Il dolore di Enrico III 

17.01.2021

Maria di Cleves, principessa di Condè, figlia del duca Francesco I, ispirò una passione violenta e profonda al re Enrico III. I poeti del tempo la celebrarono sotto il nome di Bella Maria, questa principessa che era stata la meraviglia della corte di Carlo IX per la sua bellezza e per le sue virtù, morì di parto nel palazzo del Louvre all'età di ventuno anni, era il 30 ottobre del 1574. Il principe Enrico III, appresa la notizia della sua morte, diede tutti i segni di un dolore violento, rimase parecchi giorni senza mangiare in un appartamento parato di nero. Quando si decise di riapparire in pubblico decise di indossare un abito nero tempestato di teste di morti. 

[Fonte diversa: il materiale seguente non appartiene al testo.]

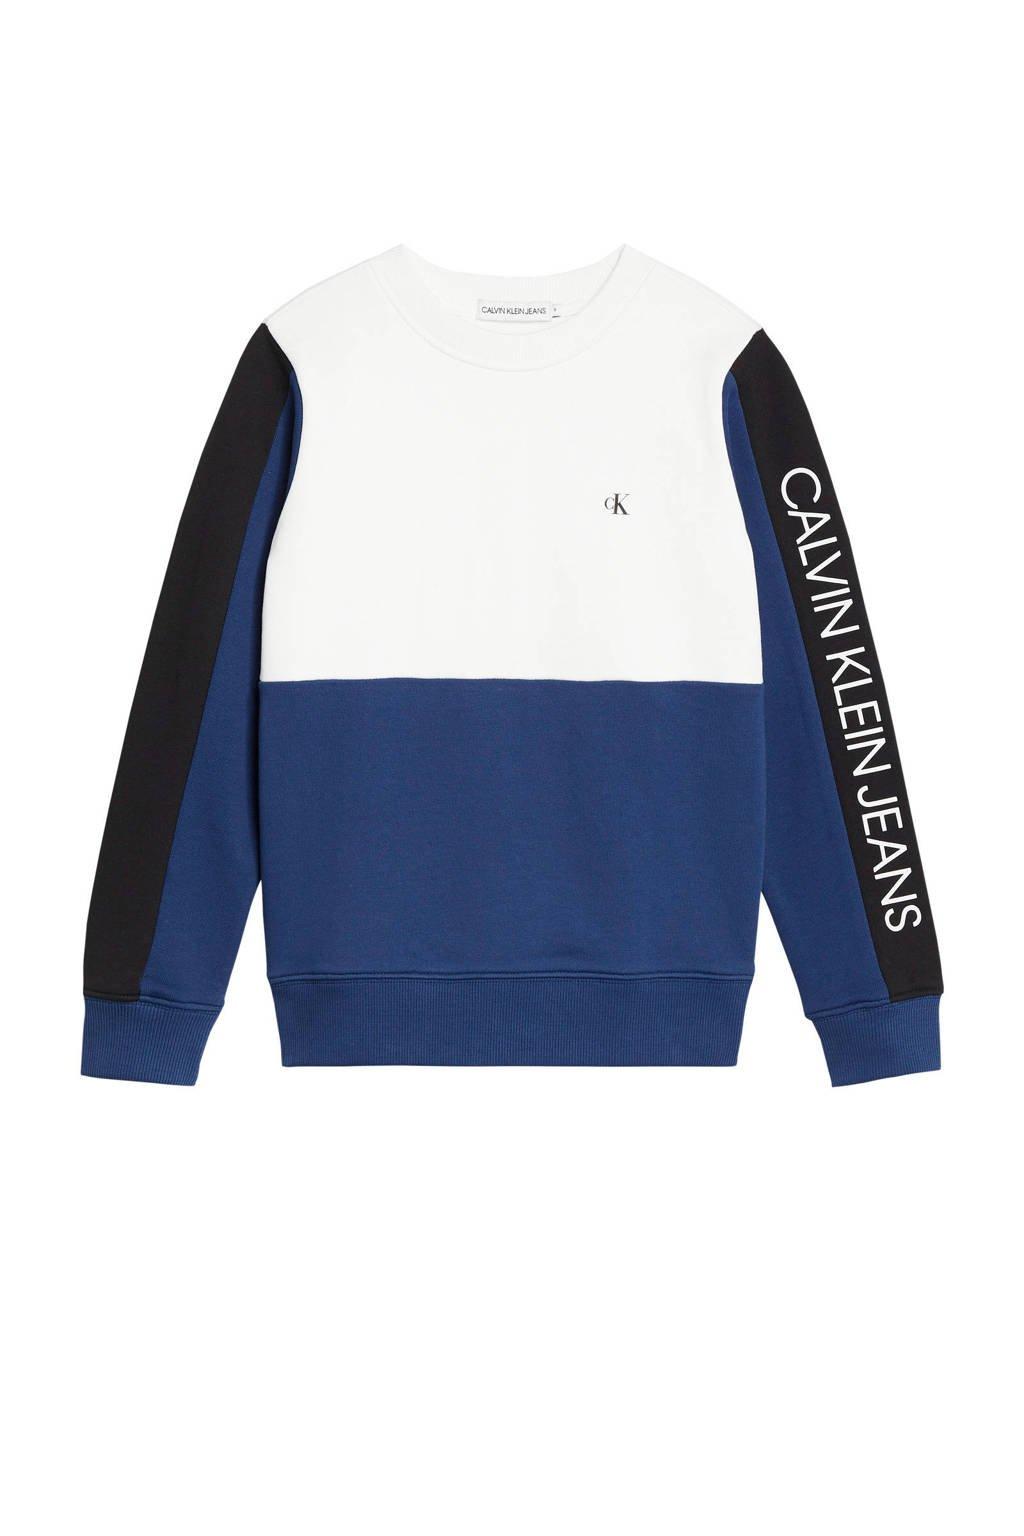 CALVIN KLEIN JEANS sweater blauw/wit/zwart, Blauw/wit/zwart

Questo episodio di profondo dolore è emblema della vita di questo sovrano. La sfortuna e i mali che gravavano su di lui alla fine del suo regno gli diedero un certo gusto per il macabro. Il re, di natura piuttosto emotiva, credeva che le sue sfortune, in particolare l'assenza di eredi, fossero dovute ai suoi peccati. Perciò, per espiarli, spesso si ritirava per giorni interi nei monasteri a mortificarsi.

Questa carica di oscurità che aleggiava nello spirito del sovrano è del tutto evidente in alcuni libri da lui commissionati. Esempio emblematico è l'opera qui proposta, attribuita a Clovis Eve, allora rilegatore del re, eseguita intorno al 1586-1587. Questa è una delle tredici rilegature macabre ordinate da Enrico III per i membri della Compagnie des Confrères de la Mort, confraternita creata da Enrico III nel 1585.